Remote-Hosted Services for Public and Private Websites
Customized Search Engines and Auditing for Broken Links
Creation and Hosting of Dynamic Websites
Search    Audit    Design    About Us
Benefits    FAQ    Sign-up    Request a Demo Home

Frequently Asked Questions

Does the Blossom Search output ever contain advertisements?


Can I search with Boolean expressions? What about regular expressions?

Simplicity of usage has been the guiding principle for Blossom Search. Most people don't know Boolean from Bully Inn and would assume "Hello, how are you?" to be as regular an expression as any.

Accordingly, Blossom Search accepts neither Boolean nor pattern operators, but that is not to say that the searches it performs are simple-minded. The default phrase search would be entered on some search engines by inserting AND NEAR between the words in the phrase. Thus a phrase will match a Web page if all the words being searched for are located within about 20 words of one another on the page. The default word search would be entered as word* in some search engines. That is, a search string matches any word that begins with the string. (You can remove the NEAR operator or force whole-word matches, as described in the Search Guide Section "Search Options".)

How often will my site be spidered? Will my server slow down during spidering?

The default update schedule for Site and Affinity Search is once per week; for Enterprise Search there are two weekly updates. For all services you can request daily update or trigger an update on demand.

Spider traffic probably won't be noticeable on your server. It requests at most one page every few seconds.

Will the search results page look like the rest of my site?

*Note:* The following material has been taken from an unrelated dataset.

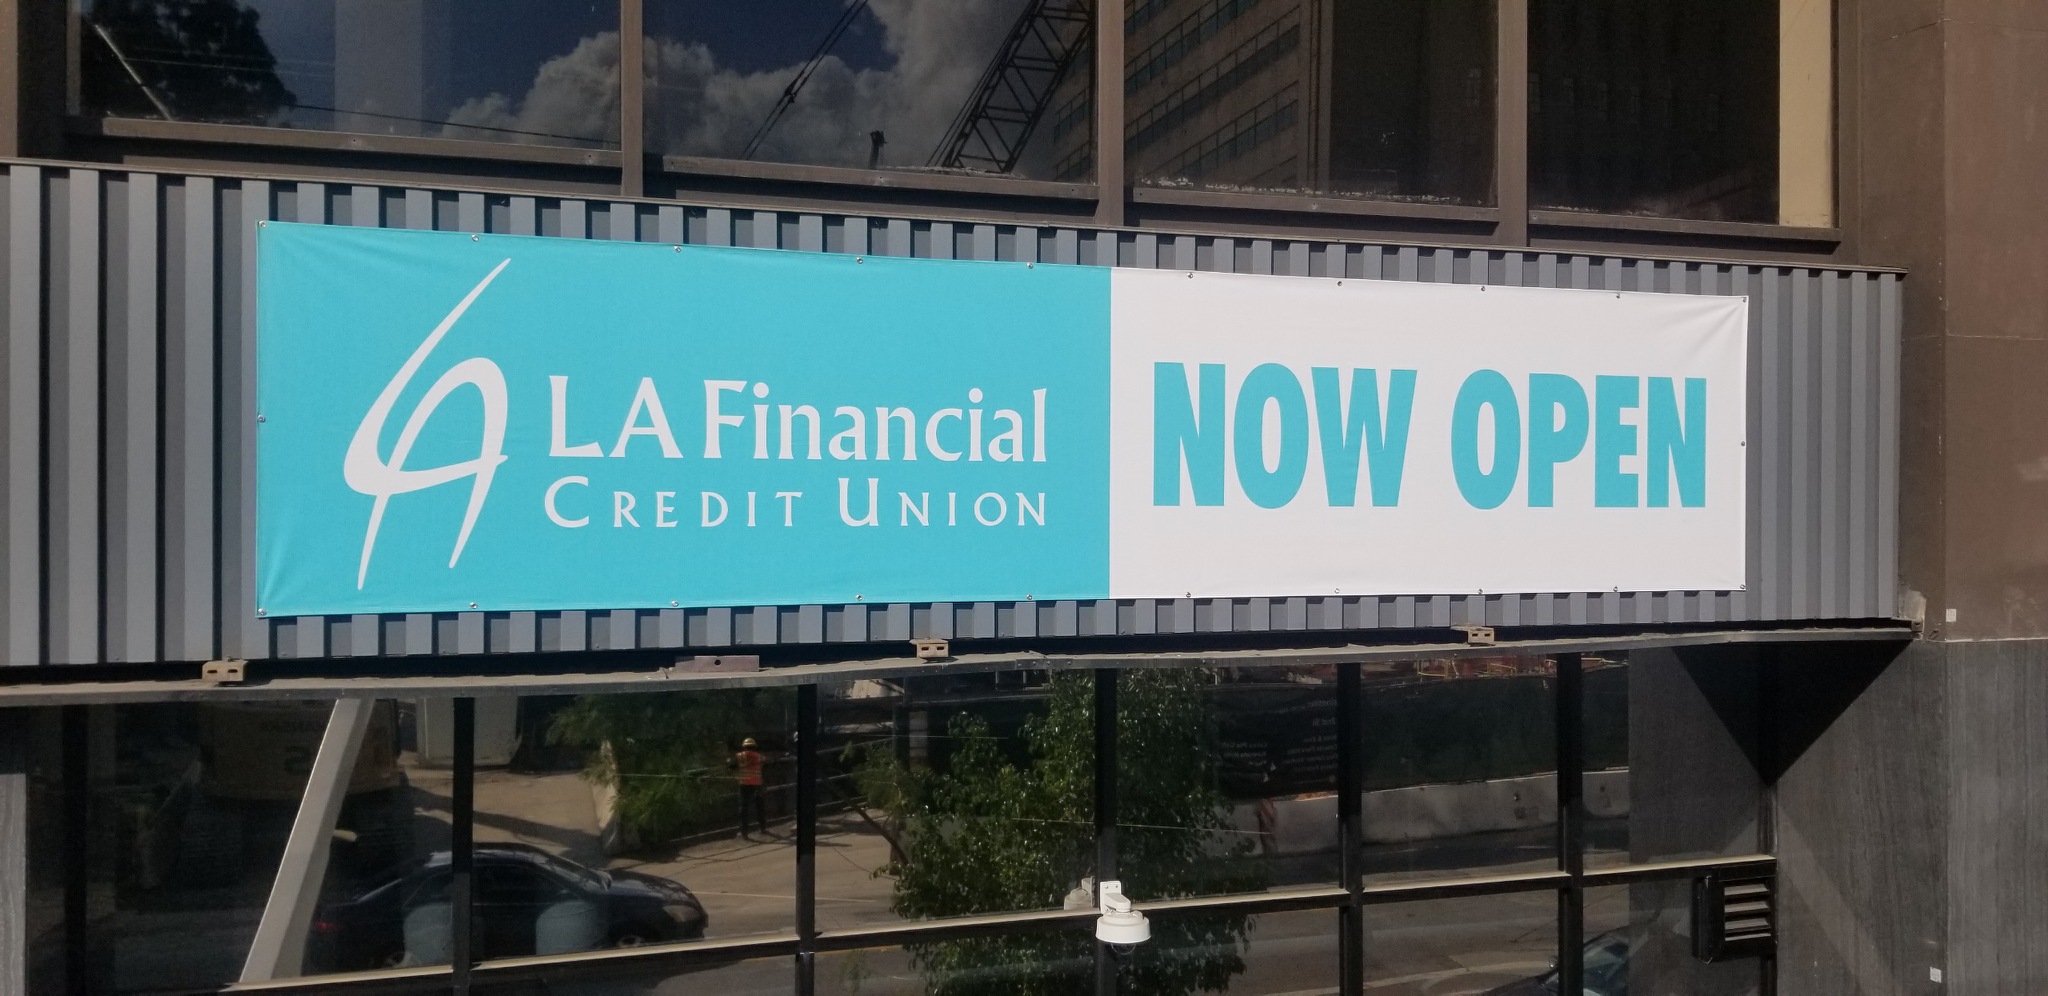 You are currently viewing Building Banners for LA Financial

You have complete control over the search form and the search results page. By supplying HTML before and after the search results you can set the page layout to look like the rest of your site. There are many options for controlling the search output including the use of cascading style sheets.

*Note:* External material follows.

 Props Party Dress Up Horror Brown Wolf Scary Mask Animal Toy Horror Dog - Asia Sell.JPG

Where are the Blossom Search servers? How reliable are they?

Blossom's servers are housed in specialized hosting facilities near Washington D.C., San Antonio, and Los Angeles. The servers run the Redhat Linux operating system and the Apache Web server. The servers are dedicated to searching, making them relatively easy to protect from Internet-based attacks.

The search service is fully mirrored across all our servers. Not only does this distribute the load and improve response time, it enhances reliability as the servers operate independently.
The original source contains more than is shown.